Good old dad. The late, great white
hunter. Kind but distant, caring but cool, unable to allow love to
show. More at ease with animals than people, at home anywhere but
at home, finally finding rest in the bottom of a bottle.

But before he checked out for that
great skeet-shoot in the sky, he’d passed on his love of nature to
his only son. Taught him the song of the silent woods, the caress
found in the frosty wind and the magic of flowing water. He’d also
shown him the thrill of the hunt and the triumph of the
kill.

Josh hadn’t fired the gun since before
his son was born. He’d replaced it with hiking and canoeing; a
sharing of life rather than a taking. The world had slowly changed
since his long ago childhood. Davy Crocket and Daniel Boon had been
eclipsed by Little House on the Prairie, Oprah and Doctor Phill.
Hell, in these days of cell phones, laptop computers, video games
and ‘surfing the net’, any concept around for more than a year or
two was considered ‘ancient history’. To most people in the ‘Modern
World’, the sport of hunting had gone the way of the dinosaur.
Conservation, Green Peace and Save the Whales were ideals Josh
himself strongly agreed with. The Hippies had long since come and
gone, but their motto of ‘make love not war’ lived on --- at least
on the surface.

But now it seemed that the world had
changed again, only this time not as a slow, gentle movement,
spearheaded by idealistic children with flowers in their hair, but
by nameless, faceless scientists working in their top-secret labs.
Sudden, brutal, total change, leaving only a motherless boy and an
arthritic old man --- and frightened people who shot at you when
you wanted only to be their friend.

Slowly he unzipped the other case and
stood looking down at the second relic from a bygone age --- an age
suddenly come again.

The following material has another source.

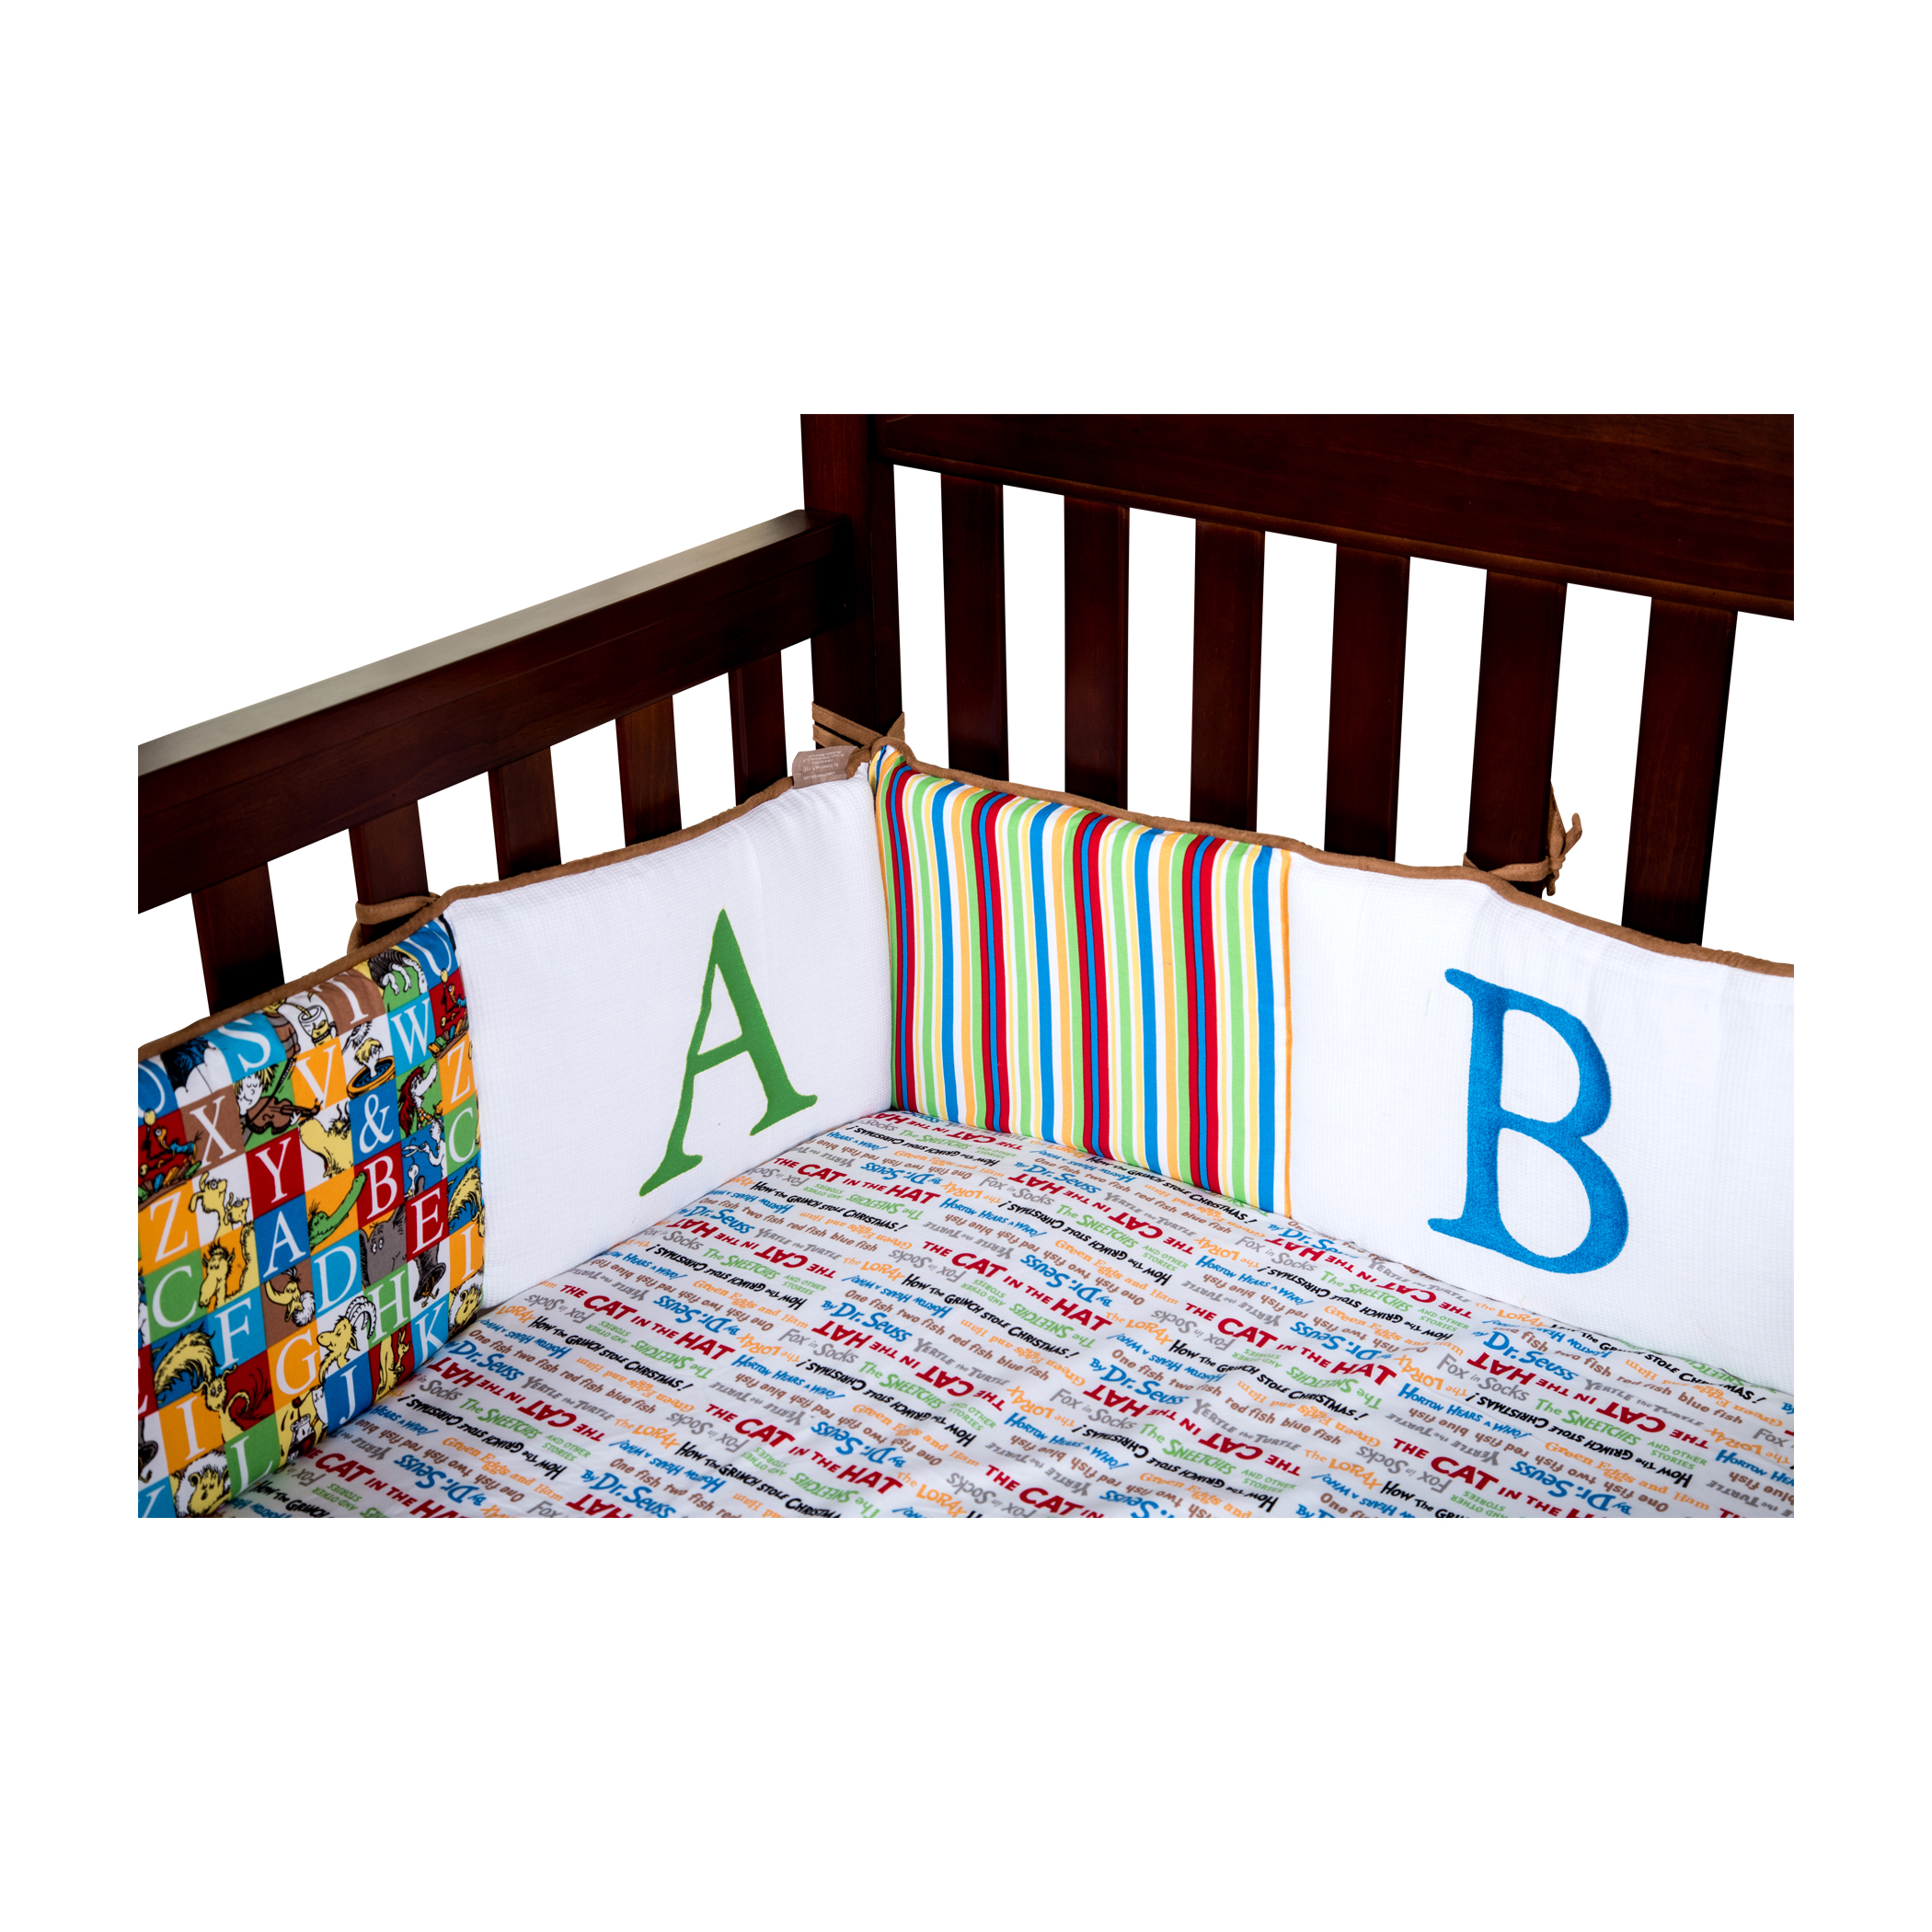 Dr. Seuss Alphabet Seuss Crib Bumper PartNumber: 04928056000P

In it lay a bolt action .22target rifle and a
box of hollow point bullets. Josh began to rummage around for
shells to go with the shotgun. He found the heavy cartridge belt
for the 12 gage in an old wicker picnic basket under his workbench.
Its weight felt strangely familiar.

“What you doing, Dad?”

Josh turned to see Jessie standing in
the doorway. Feeling suddenly guilty, he smiled at his son. “Just
checking things out, Josh. You ready to go?”

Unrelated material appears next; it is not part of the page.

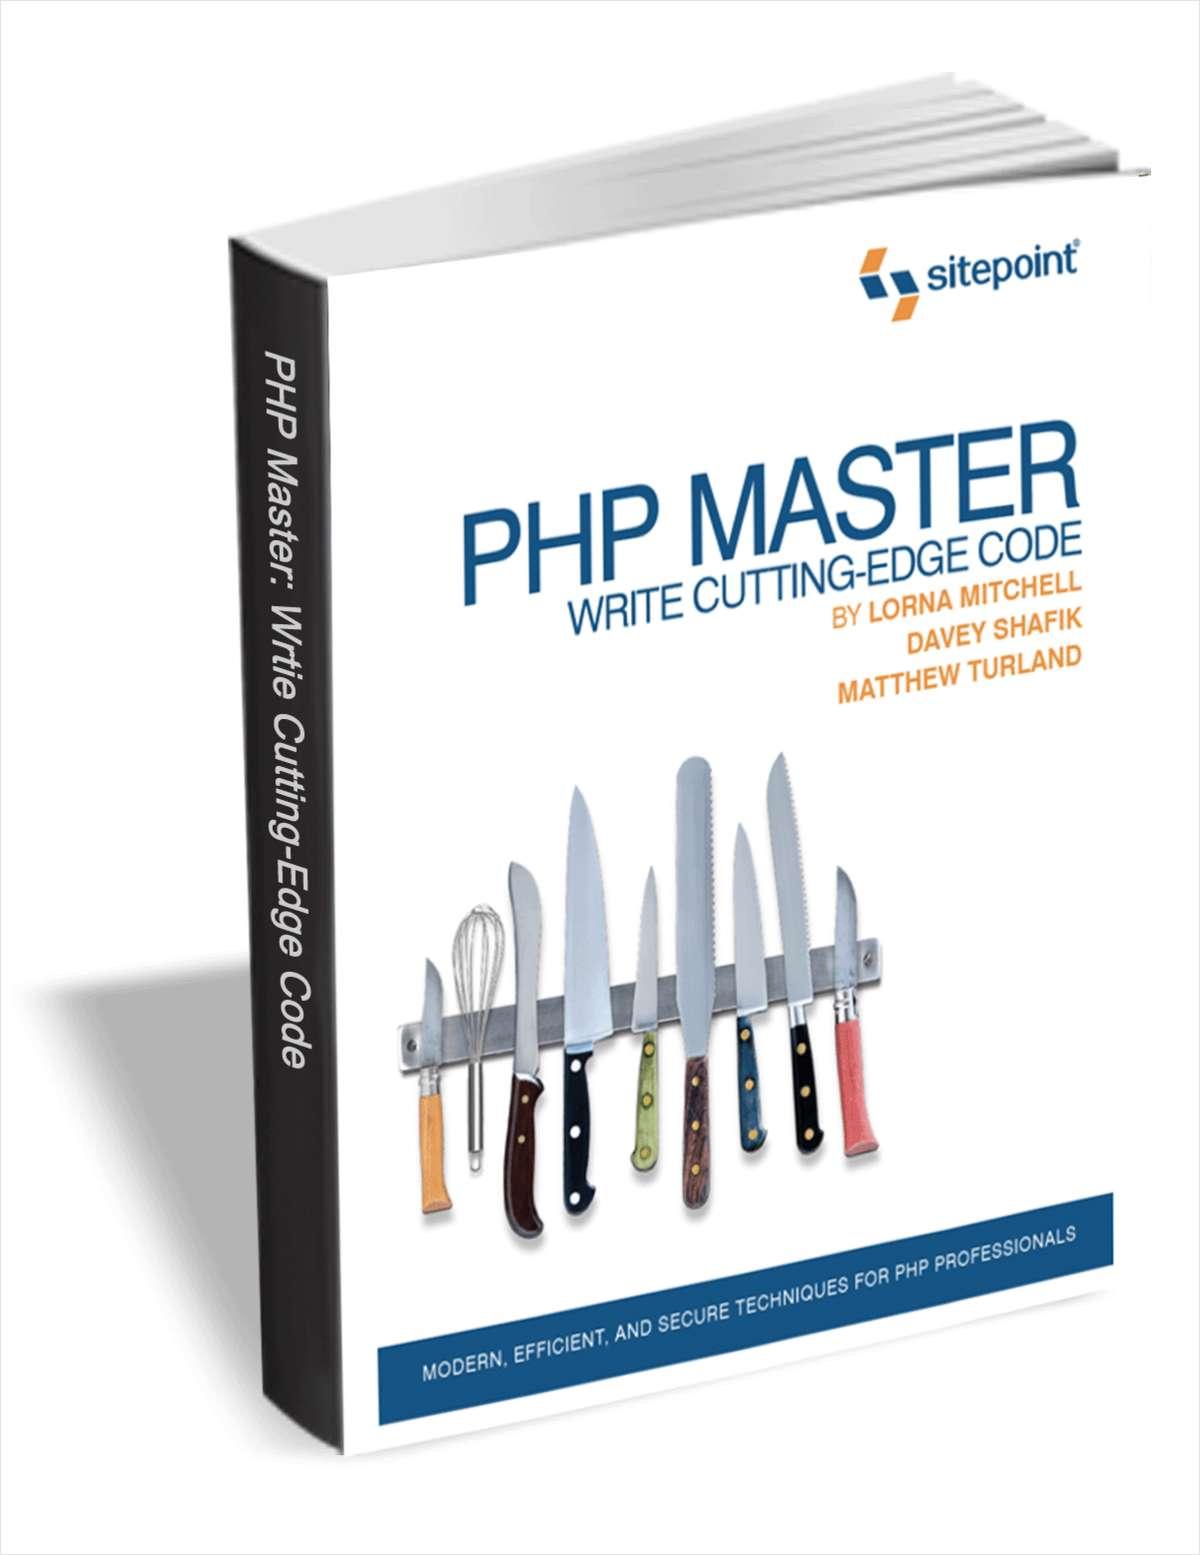 PHP Master: Write Cutting-edge Code (Free eBook!) A $30 Value

Jessie came up to stand at his
father’s side. As tall as I am, Josh thought. But still so young!
Will he be alive this time next year? Will any of us? And if we
are, at what cost?

“Wow! I didn’t know you had
guns!”

“They were your grandfather’s. Now ---
now they’re ours.”

 

Chapter 8
: IT BEGINS

China Lake

Naval Weapons Center,

California. June
22

George ‘The Man’ Sampson stood looking
down at Pussbag kneeling at Jocco’s feet, disgust warring with
disbelief in his bloodshot eyes. “What’s this shit?! And where’d
that ugly skag come from?!”

Jocco graced him with smile, his gray
eyes however, remained cold. “All in good time, Georgie-boy, but
for now, get my new friend here a chair.”

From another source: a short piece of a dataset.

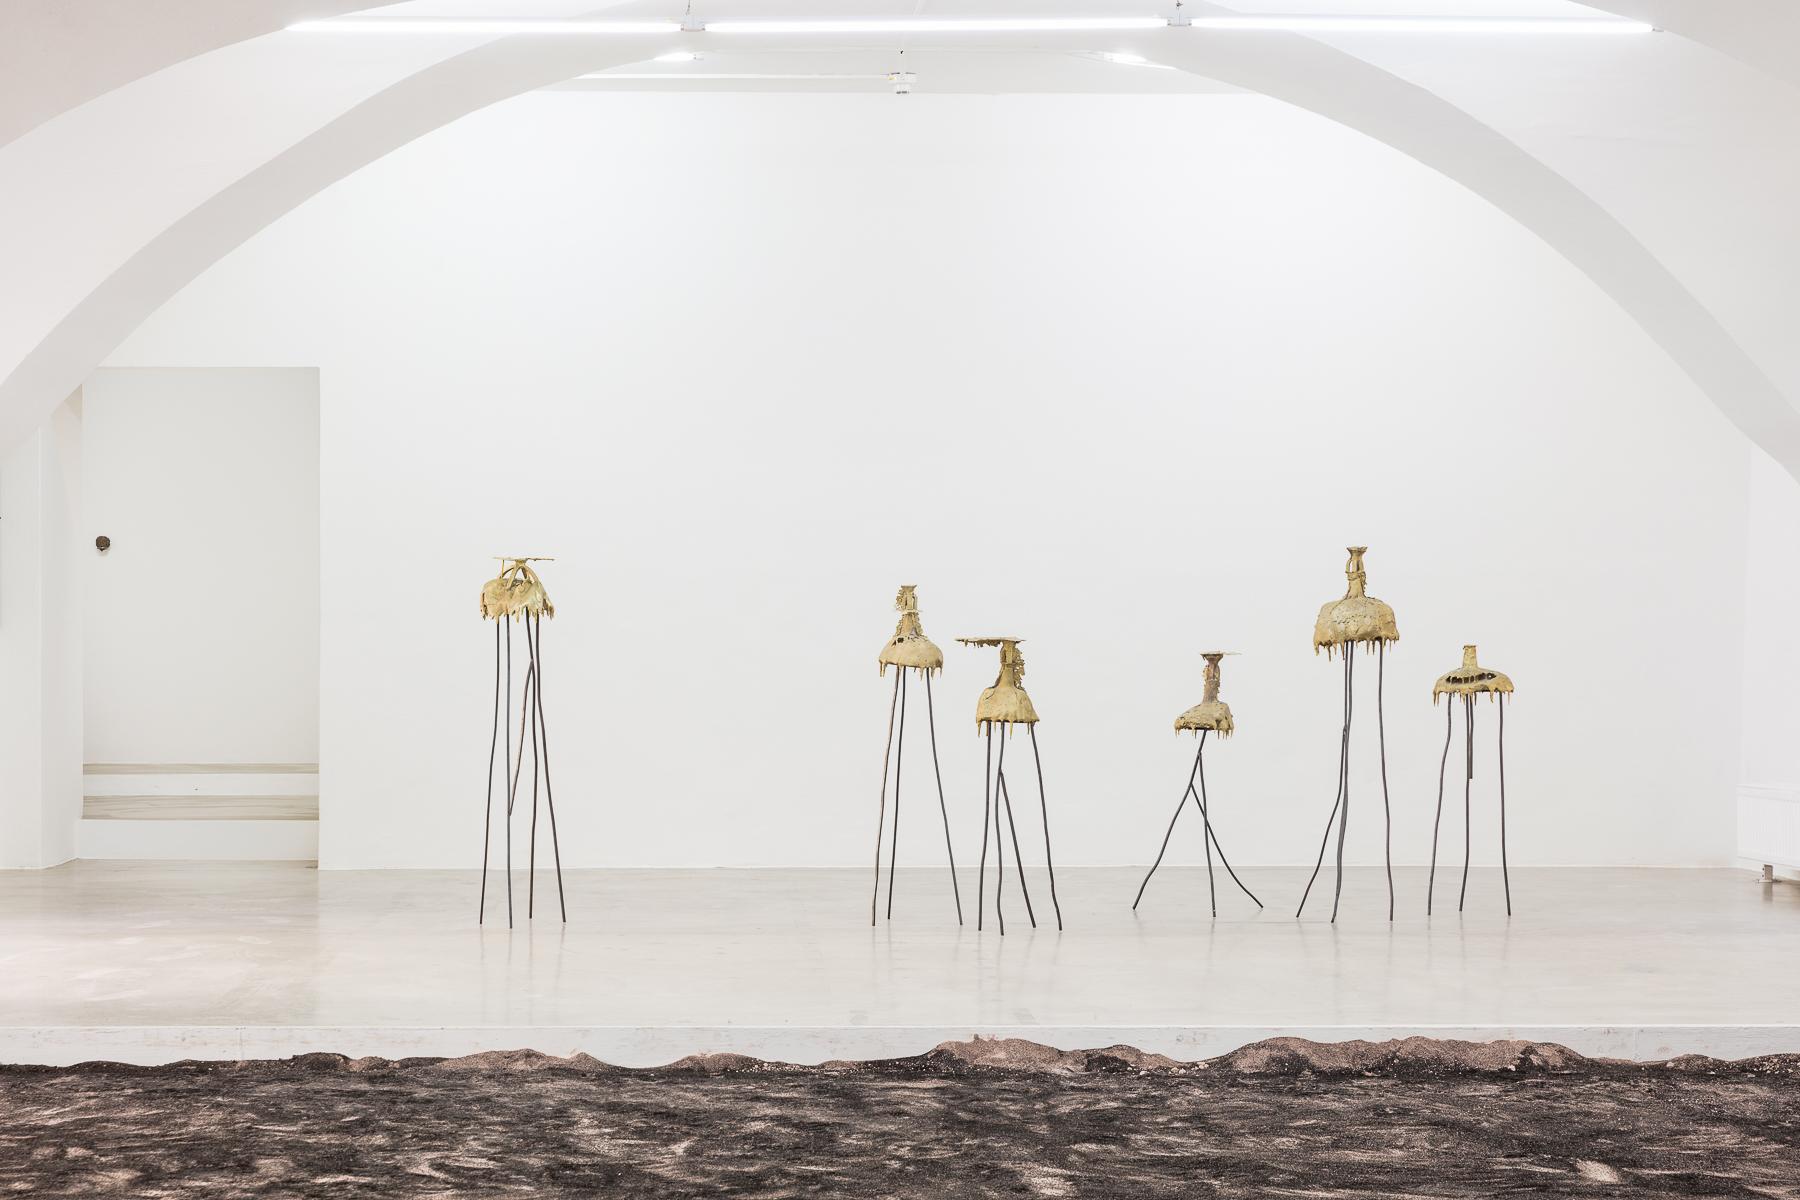 2019_02_19_Angelika Loderer_Kunstverein Graz_by_kunstdokumentationcom_005_web.jpg

George didn’t like taking orders, but
somehow he liked even less the idea of crossing Jocco. He got the
chair.

“Now,” Jocco said, motioning for
Pussbag to be seated. “Explain again that part about following
me.”

Pussbag was only too willing to
comply. In a muddled torrent of words he told Jocco all, including
his undying allegiance to the Dark Stranger. When it was over he
fell on his knees again. Jocco left him there.

“Christ, man!”, George swore. “The
asshole’s not playing with a full deck! If you can’t see that
you’re just as fucking crazy as he is!”

Suddenly George found his feet swept
out from under him and a blood-covered bayonet pressed against his
throat. Behind the sharp blade, Pussbag’s wild eyes glared down at
him. “You will not speak that way to Him!”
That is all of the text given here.